Tony Blair has warned against ending immigration, arguing that to do so supports damaging Ukip policies based a “nasty core of prejudice”.

He suggested Labour take a stronger stand against Nigel Farage’s party.

“Let’s be clear: we don’t think that Ukip’s right, not on immigration and not on Europe – so the first thing you’ve got to be really careful of doing is… saying things that suggest that they’re kind of justified in their policy, because what you’re actually going to do is validate their argument when in fact you don’t believe in it,” he told Progress magazine.

Although he didn’t explicitly call on Ed Miliband to fight against Ukip, although said that Labour should not “end up chasing after the policies of a party like Ukip, who you don’t agree with, whose policies would take this country backwards economically, politically, in every conceivable way, and who, ultimately, at the heart of what they do, have a rather nasty core of prejudice that none of us believe in, which you’ve actually got to take on and fight. So the way to deal with this is to deal with it by what you believe.”

Earlier this week, Blair said that Miliband will lose to the Conservatives in the 2015 election because Labour has failed to develop a “narrative that is about the future of the country”.

Labour narrowly won Heywood and Middleton over Ukip earlier this month, holding on to the seat by 11,633 to 11,016 votes.

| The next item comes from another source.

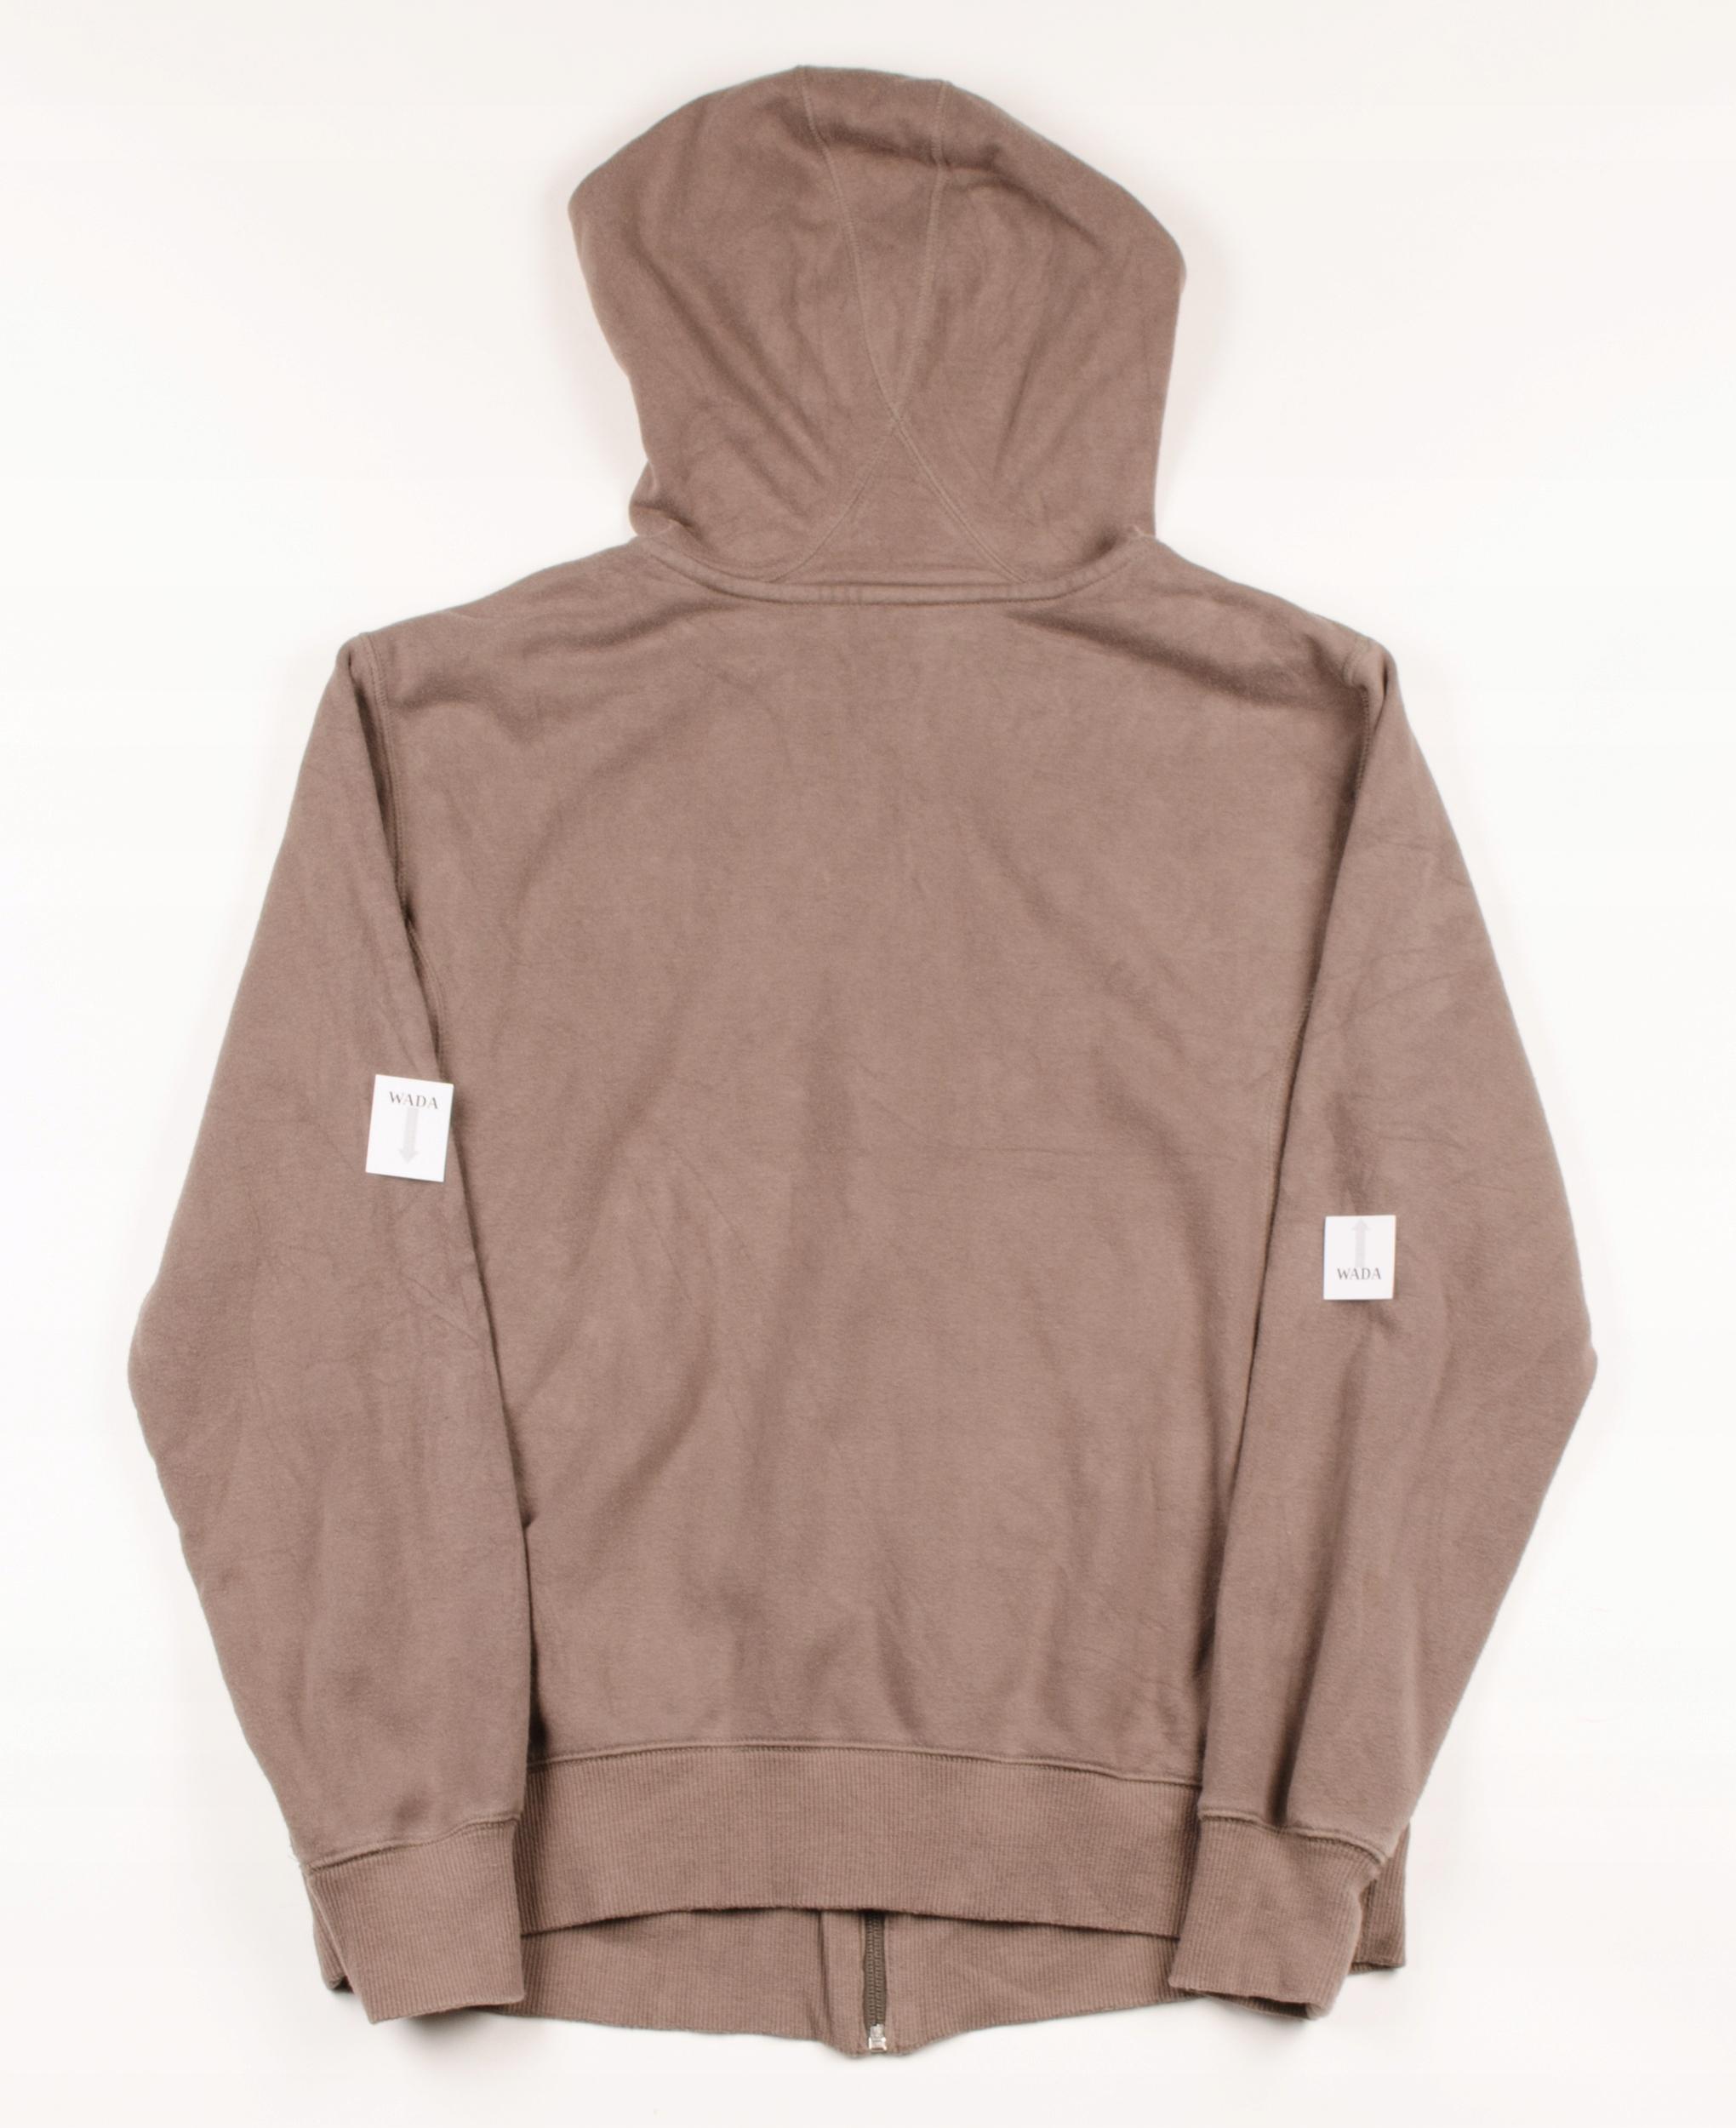 nowe tanie dobrze znany przybywa 25783 MICRO WADA Nike Bluza Damska XL

Miliband said, following the win, that he didn’t think that Ukip could “represent the interests of working people” because they wanted to cut taxes for the rich.

Although Blair asserts that ending immigration would be “a disaster for this country”, he accepts that there needs to be border controls to ensure that “the system doesn’t get abused and exploited, and you don’t end up with people feeling that they’ve lost control over their communities and their lives”.

Blair also criticised the Conservatives for their handling of Ukip, arguing that David Cameron would attract more support “if they actually stood up against these people and said: ‘You don’t understand the way the world works today, your policies will take us backwards and we’re not going there.’”

In May, Cameron said that “the whole country has heard enough to know what sort of party Ukip is”.